Se despertó bajo una luz pálida, aunque no recordaba haberse quedado dormido. Se incorporó tiritando, con la ropa húmeda y el cabello pegado a la frente. El velero estaba rodeado por una bruma perlada que no dejaba ver más allá de la proa. Derguín le preguntó al Pinakle cuánto quedaba para arribar a Arak, pero no obtuvo respuesta.
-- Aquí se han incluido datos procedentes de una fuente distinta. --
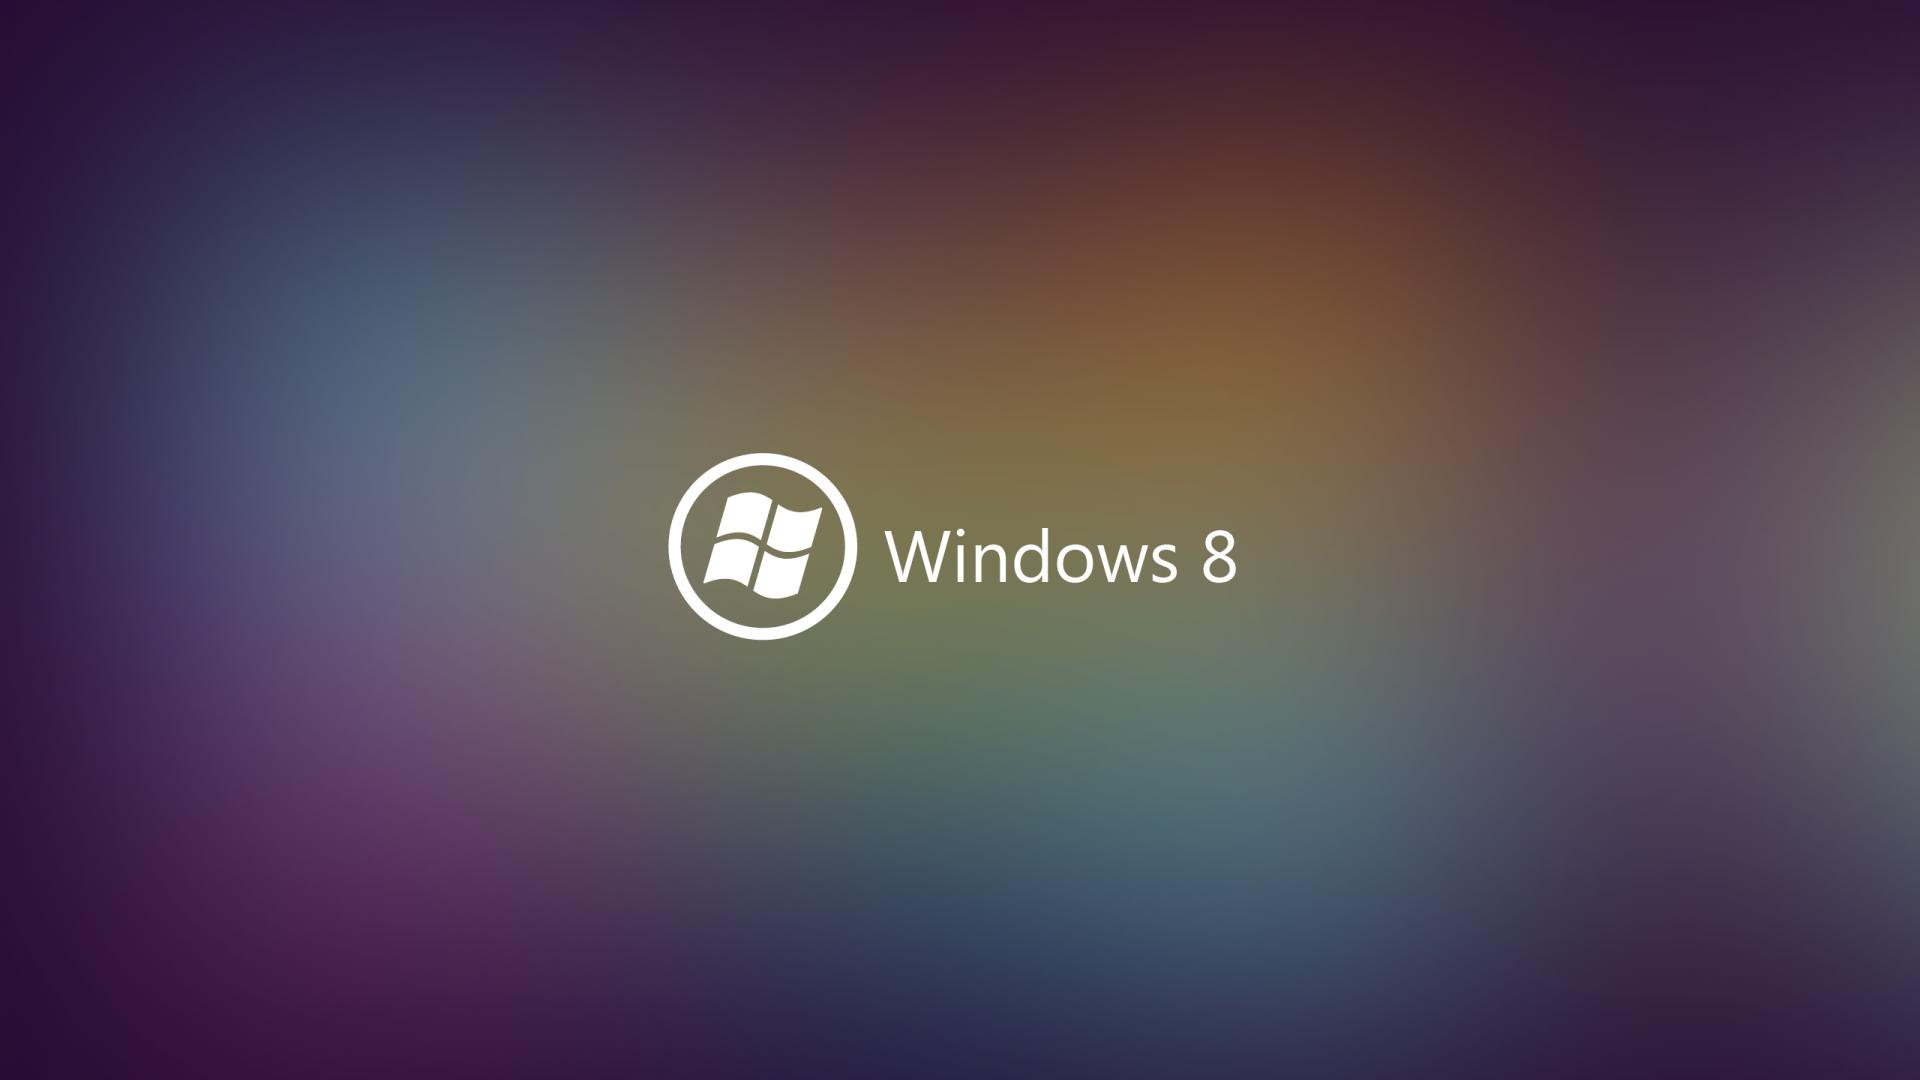 Multicolor Windows 8 Wallpaper

Poco después, el balandro salió de la niebla y Derguín avistó la costa de la isla por vez primera. No se veían edificios en ella, ni árboles, ni montañas; tan sólo una línea ondulada, de arenas grisáceas. Después, el sol se levantó al este, sus rayos atravesaron la barrera brumosa y pintaron de ocre las dunas. Tarondas le había advertido de que ni los marinos más avezados desembarcaban en aquella isla, pues era un lugar inhóspito en el que no se encontraba ni agua ni comida. Derguín había cargado dos odres y una mochila con comida. Tenía la esperanza de que fuera suficiente, aunque ignoraba qué distancia habría de recorrer. Según los mapas, la isla era extensa; pero en ellos aparecía vacía, una tierra incógnita, sin flechas ni leyendas que indicaran «aquí está la Espada de Fuego».